Daily P O, Pfeffer T A, Wisniewski J B, Steinke T A, Kinney T B, Moores W Y, Dembitsky W P
J Thorac Cardiovasc Surg. 1987 Mar;93(3):324-36.
Currently, numerous methods are in use for myocardial hypothermia as a myocardial preservation modality for cardiac operations. During cardiac ischemia we have compared myocardial surface cooling with topical cold saline (Group I, N = 9), crystalloid cardioplegia plus topical cold saline (Group II, N = 8) and cardioplegia with a specially designed cooling jacket (Group III, N = 8) in patients undergoing aortic or mitral valve replacement, or both. Temperatures were assessed and recorded continuously in standardized locations for the right and left ventricular epicardium and endocardium. In Group I the rate of cooling was significantly slower than in the other two groups. Also, excessive gradients were developed across the left and right ventricular walls. In Group II the rate and depth of cooling were adequate and initial temperature gradients were eliminated. However, over the period of ischemia, significant rewarming occurred. In Group III temperatures were reduced rapidly and uniformly and maintained at or below 10 degrees C for the duration of the ischemic period. These differences are statistically significant (p less than 0.05). For optimal myocardial hypothermia, we recommend the following: separate cannulation of the superior and inferior venae cavae with caval snares; venting of the pulmonary artery (if inadequate, pulmonary vein occlusion or direct left atrial venting); induction of myocardial hypothermia with crystalloid or cold blood cardioplegia; and maintenance of hypothermia by the cooling jacket described herein. It is also desirable to continuously monitor temperatures of the right and left ventricular endocardial and epicardial surfaces.

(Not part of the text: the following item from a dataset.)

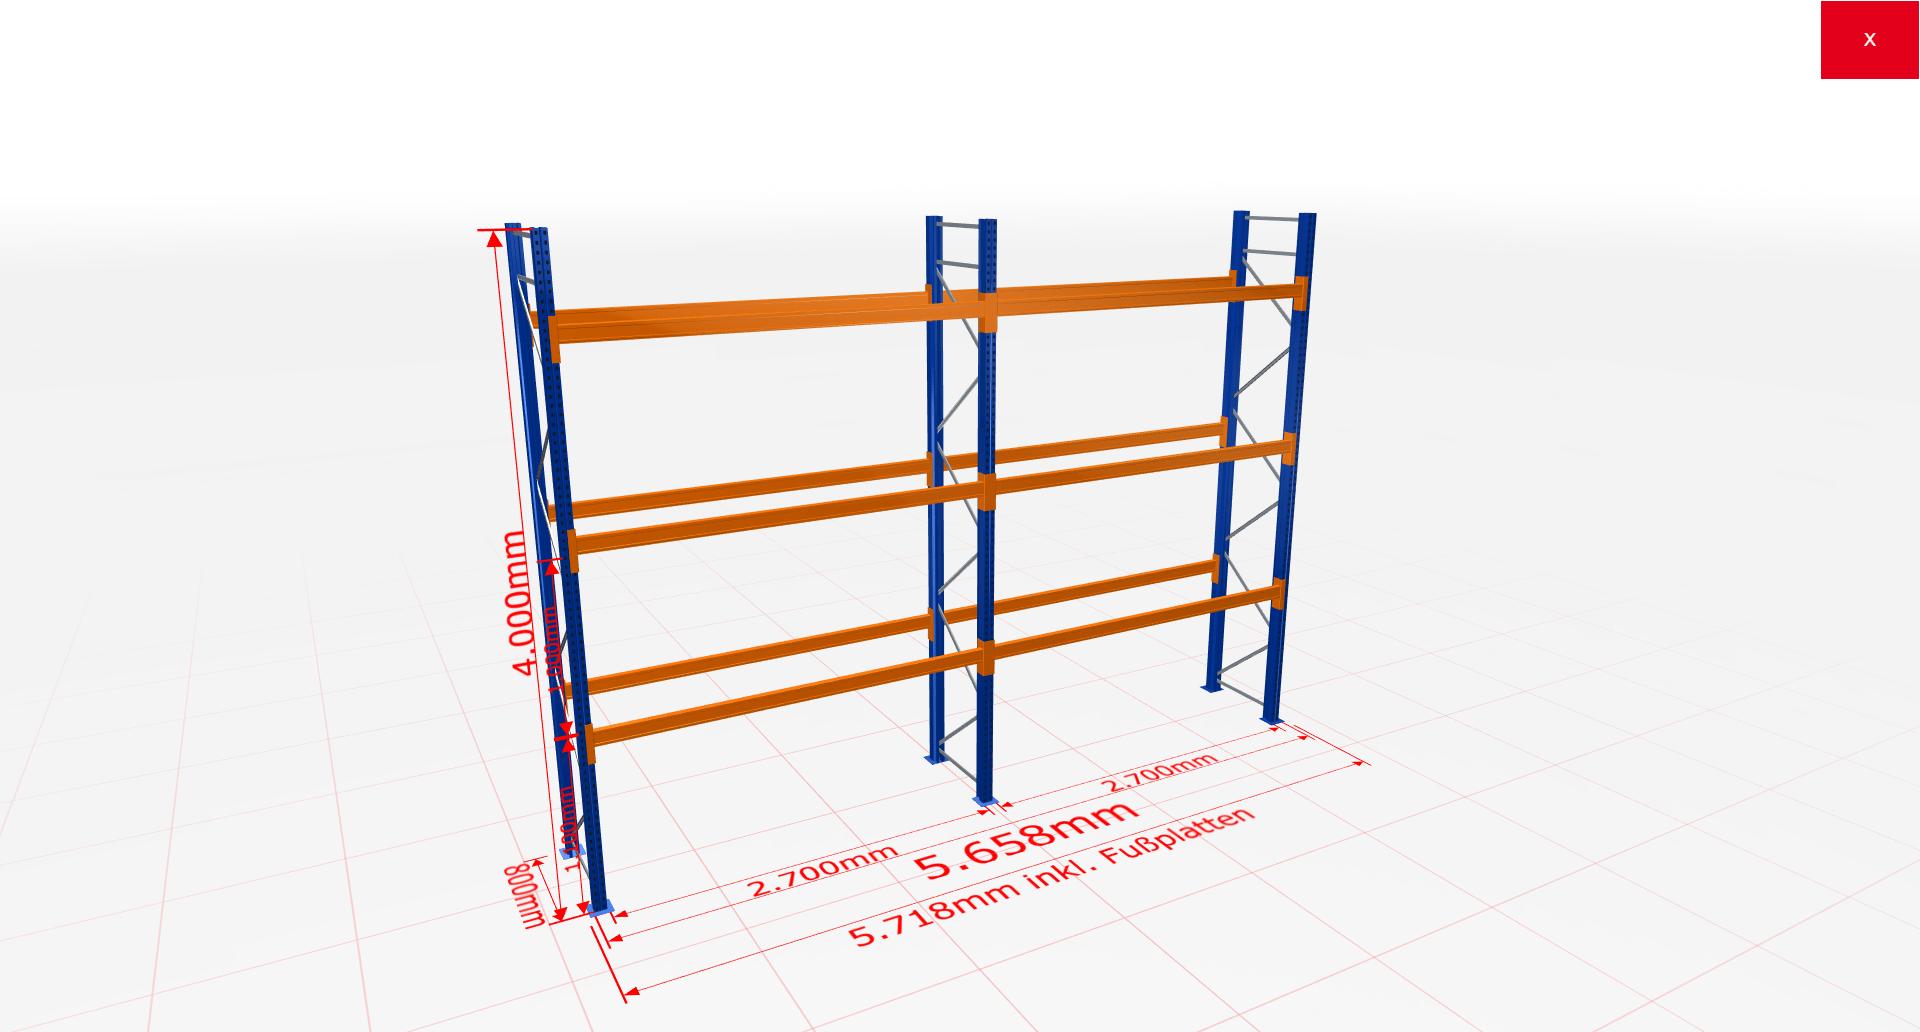 Palettenregal Komplettregal 4000x5658x800 mm (HxBxT) 3 Fachebenen SCHULTE Lagertechnik

目前,有多种方法用于心肌低温处理,作为心脏手术中心肌保护的一种方式。在心脏缺血期间,我们对接受主动脉或二尖瓣置换术或两者皆有的患者,比较了心肌表面用冷盐水降温(第一组,N = 9)、晶体心脏停搏液加局部冷盐水(第二组,N = 8)以及使用专门设计的降温套进行心脏停搏液灌注(第三组,N = 8)的效果。在右心室和左心室的心外膜和心内膜的标准化位置连续评估和记录温度。第一组的降温速度明显慢于其他两组。此外,左右心室壁上出现了过大的温度梯度。第二组的降温速度和深度足够,初始温度梯度消失。然而,在缺血期间发生了明显的复温。第三组温度迅速且均匀地降低,并在缺血期持续保持在10摄氏度或以下。这些差异具有统计学意义(p小于0.05)。为实现最佳的心肌低温,我们建议如下:用上腔静脉和下腔静脉分别插管并使用腔静脉圈套器;肺动脉排气(如果排气不足,可进行肺静脉闭塞或直接左心房排气);用晶体或冷血心脏停搏液诱导心肌低温;并用本文所述的降温套维持低温。持续监测右心室和左心室的心内膜和心外膜表面温度也是可取的。